I haven’t ever written anything explicitly about my family, but intuition is astonishing. I wrote potboiler thrillers as a teenager, and one involved an alcoholic hero and a woman not his romantic partner — who nonetheless took responsibility for always getting his back and suffered the animosity of his possessive family — long before I grasped consciously that my father (the only person in my family I at all resembled) was really a godawful drunk. No one yakked about it nonstop on Dr. Phil and the like in those days and it was a while before I understood there were souses behind scads of suburban front doors. But I wrote that story nonetheless.

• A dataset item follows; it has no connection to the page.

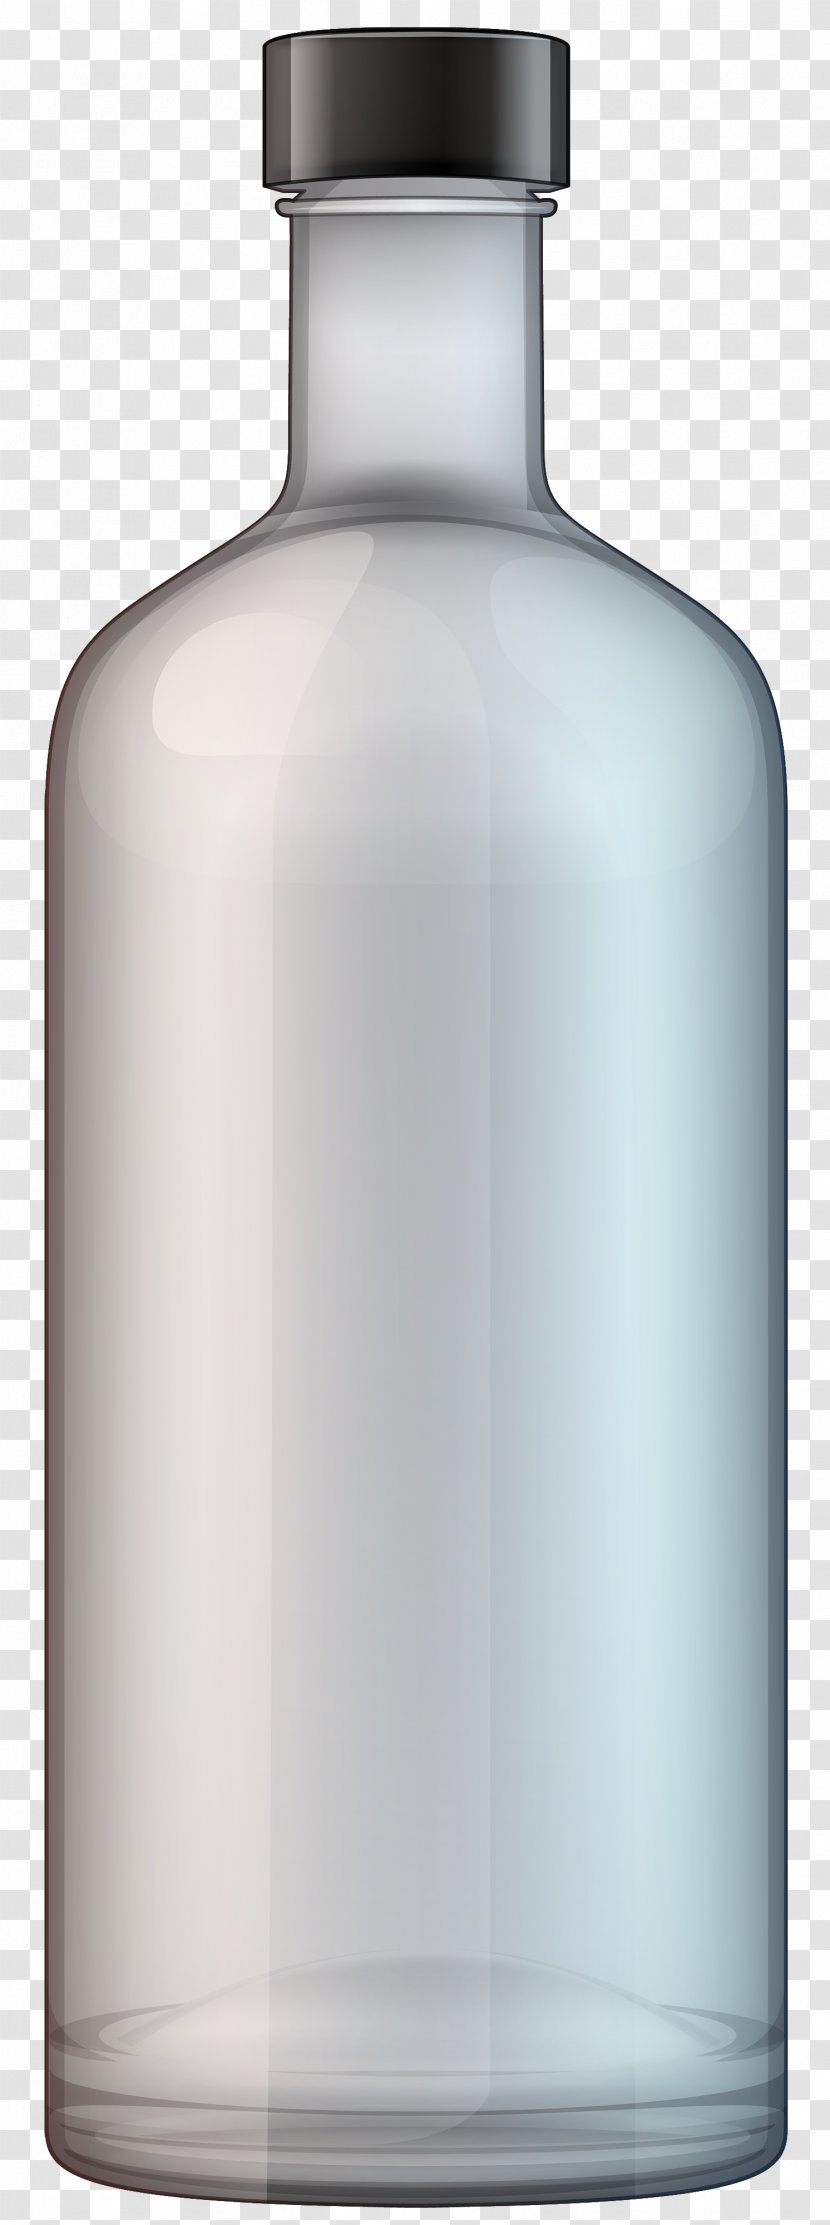 Vodka Wine Distilled Beverage Beer Bottle Transparent PNG

I’d say that if a story starts writing itself and you realize it is your sister’s story — no matter what happens — accept that you are not deliberately exploiting her and write it. It’s part of what the Life Force does. And I hope she gets home safe.
Thanks for dropping in at my place.
Feb 20, 2011 @ 18:26:00
I’ve been sick and am now just catching up on my blog reading – and was horrified to read this! I’m so, so sorry you and your family have to go through all the pain and wondering. Hopefully, she will be found, and soon.
As for whether to write this, only you can make that decision and when it feels right. Journals work well in the immediate sense until then.
My thoughts and wishes for a good ending to this situation are with you.